Finland-flag-3-20110515-093950.jpgBig question — and it’s probably a big answer. But several days ago, Swiss educator, Vicky Loras started a conversation with Finnish School Principal Esa Kukkasniemi. You can read the entire interview here in her blog as well as opportunities for you to talk with educators in Finland. But here are some statements from Esa that I highlighted in Diigo, as he ticked off major important points that have led to success in Finland’s education system.

  • ..much of it lays in the Finnish educational culture: teachers are respected professionals..
  • One really important issue is that we have quite small economical differences in the income of the people if you compare us to most of the countries in the world. We have strong scientific evidence that where the economical differences between people grow too big, the learning goes down.
  • We don’t test the teachers at all..
  • ..we don’t test the pupils much either
  • We have strong belief in the professionals.
  • ..social media gives possibilities of creating your own PLN (personal learning network). For me (Esa), Twitter has been a great tool for that for the last few years.

From Locras’s post..

(Esa) and other great educators (among them the enthusiastic teachers Timo Ilomäki andRochey who started the chat) have started their own chat on Twitter, where teachers from all over the world can post questions on Finnish education every Thursday. You can follow their discussions and find other Finnish educators as well under the hashtag #finnedchat.

Incidentally, I just did a scan of #finnedchat tagged tweets and learned that..

Teachers are biggest single profession in Finlands new parliament. 16 educators.


- Posted using Blogsy from my iPad


  • Esa Kukkasniemi

    Thanks for the post. I’m happy that you liked the interview. Obviously you’ve also found something to think about. These are complicated issues. And it’s hard ’cause a system from one country, doesn’t always fit into the system of another.

  • Tim

    Is it true they have up to 3 teachers per class? Would like to know how many have 2 or 3 . . .

    • Esa Kukkasniemi

      SOMETIMES we do have up to 3 teachers per one class. Usually it’s a teacher and a special education teacher who works as a pair. Sometimes two teachers can bring two classes to one class room and teach together. The benefit is that since most of the pupils will do fine without any teacher assistance, the others will have more time from the teachers, because there are two of them.

      • http://annakarin.tumblr.com Anna-Karin Frisk

        How often is SOMETIMES? My reason for wondering is in connection to the McKinsey report that states that succesful systems (of education) focuses more on the practice of the teachers and the process learning:
        ”[…] collaborative practice becomes the main mechanism both for improving teaching practice and making teachers accountable to eachother.” (p.4)
        Having taught for more than 10 years now, I can only agree that this is one of the most effective ways to enhance teacher learning. What´s your opinion?

        • Esa Kukkasniemi

          “Sometimes” means not very often ;-) It all comes to economical resources. The whole world is suffering of the economic recession.

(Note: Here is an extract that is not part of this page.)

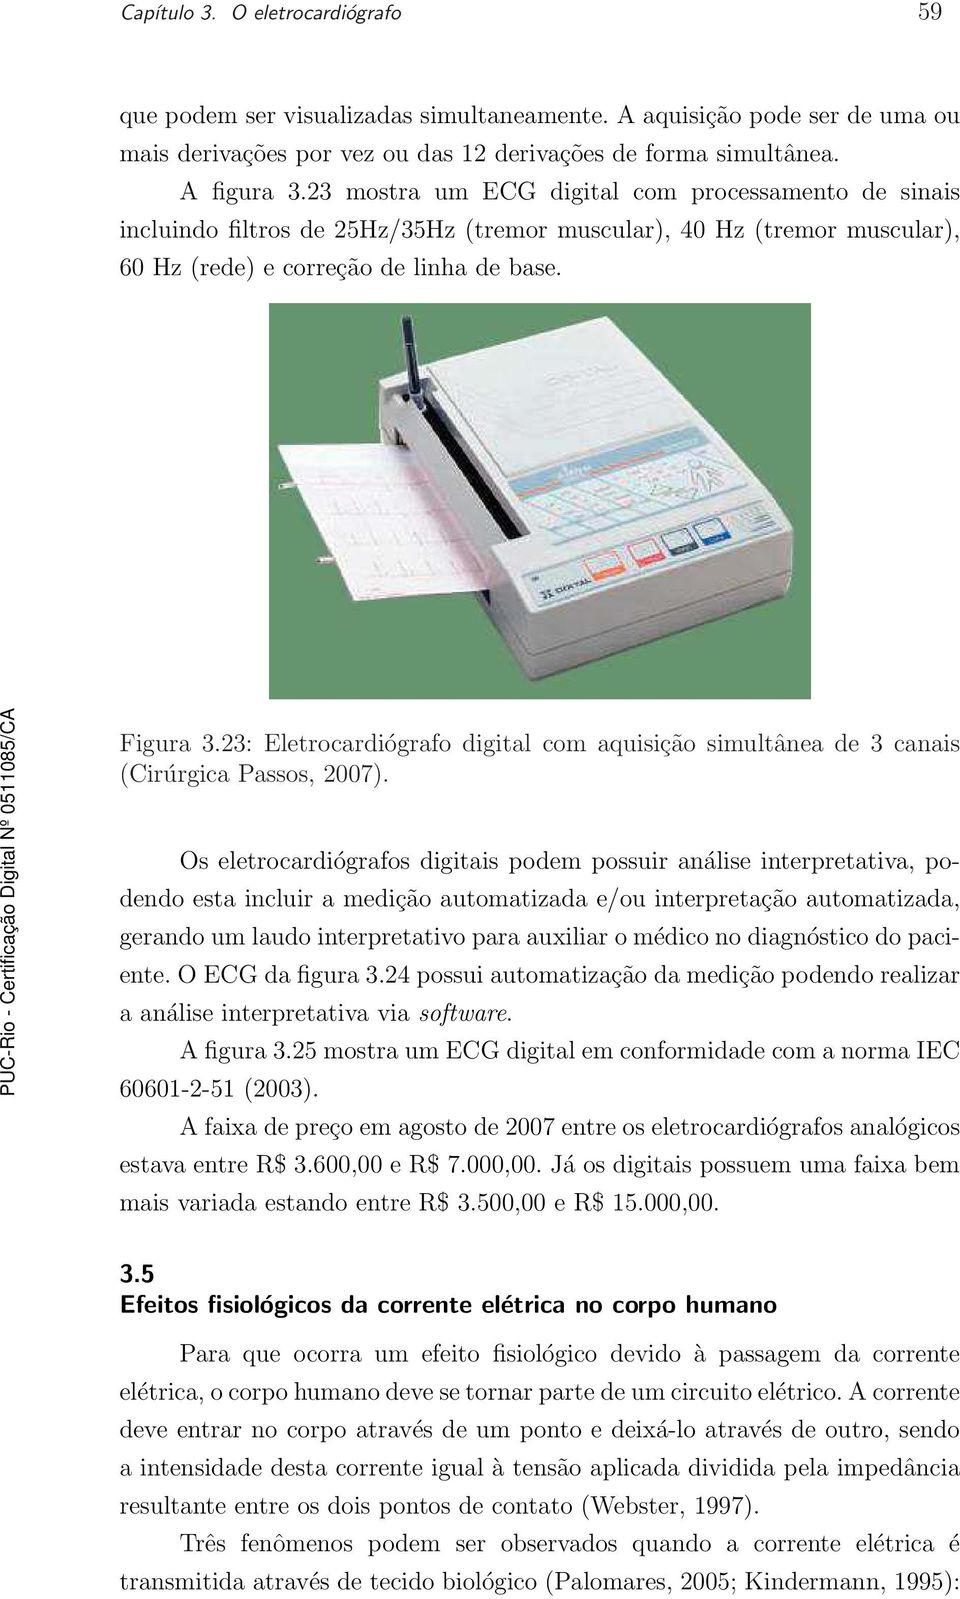 23: Eletrocardiógrafo digital com aquisição simultânea de 3 canais (Cirúrgica Passos, 2007).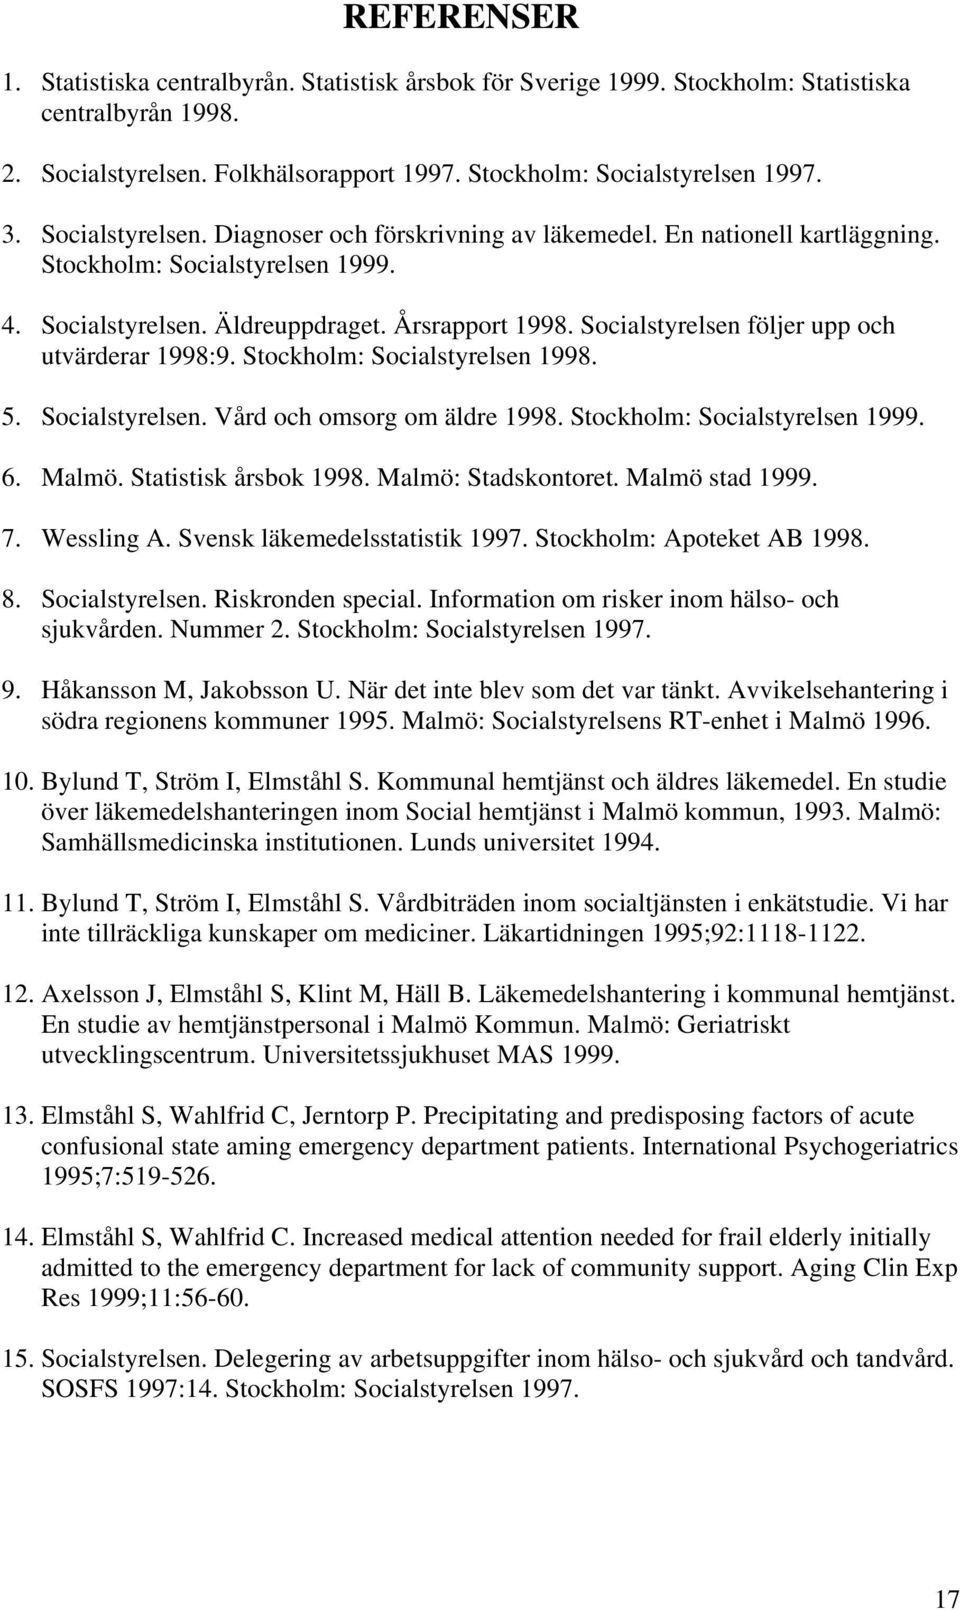 Socialstyrelsen följer upp och utvärderar 1998:9. Stockholm: Socialstyrelsen 1998. 5. Socialstyrelsen. Vård och omsorg om äldre 1998. Stockholm: Socialstyrelsen 1999. 6. Malmö. Statistisk årsbok 1998.

          But the point is that our curriculum/laws give us a chance to do it and they even encourage the teachers to collaborate.

          That is definately effective both for teachers to improve your professional skills, and also the pupils to learn.

      • Christa

        Terve Esa. Regarding teachers in the classroom, does Finland have class size regulations? If so, how many students would one find in an academic secondary class?

        • Esa Kukkasniemi

          Terve Christa ;-) We have only suggestions. Many of those suggestions are given by the town or city that organizes the education. We try to keep 1-2 grades under 25 pupils and up from that level up to 32. The smaller the better, but sometimes you just have to compromize.

  • David Warlick

    What I found most interesting in your comments, Esa, was the emphasis you placed on the lower economic disparity in Finland, as compared to my country (USA). Here, it is very easy to say that the problem with education is education.  If we have children who are not performing to standards, then it’s because teachers are not teaching hard enough. 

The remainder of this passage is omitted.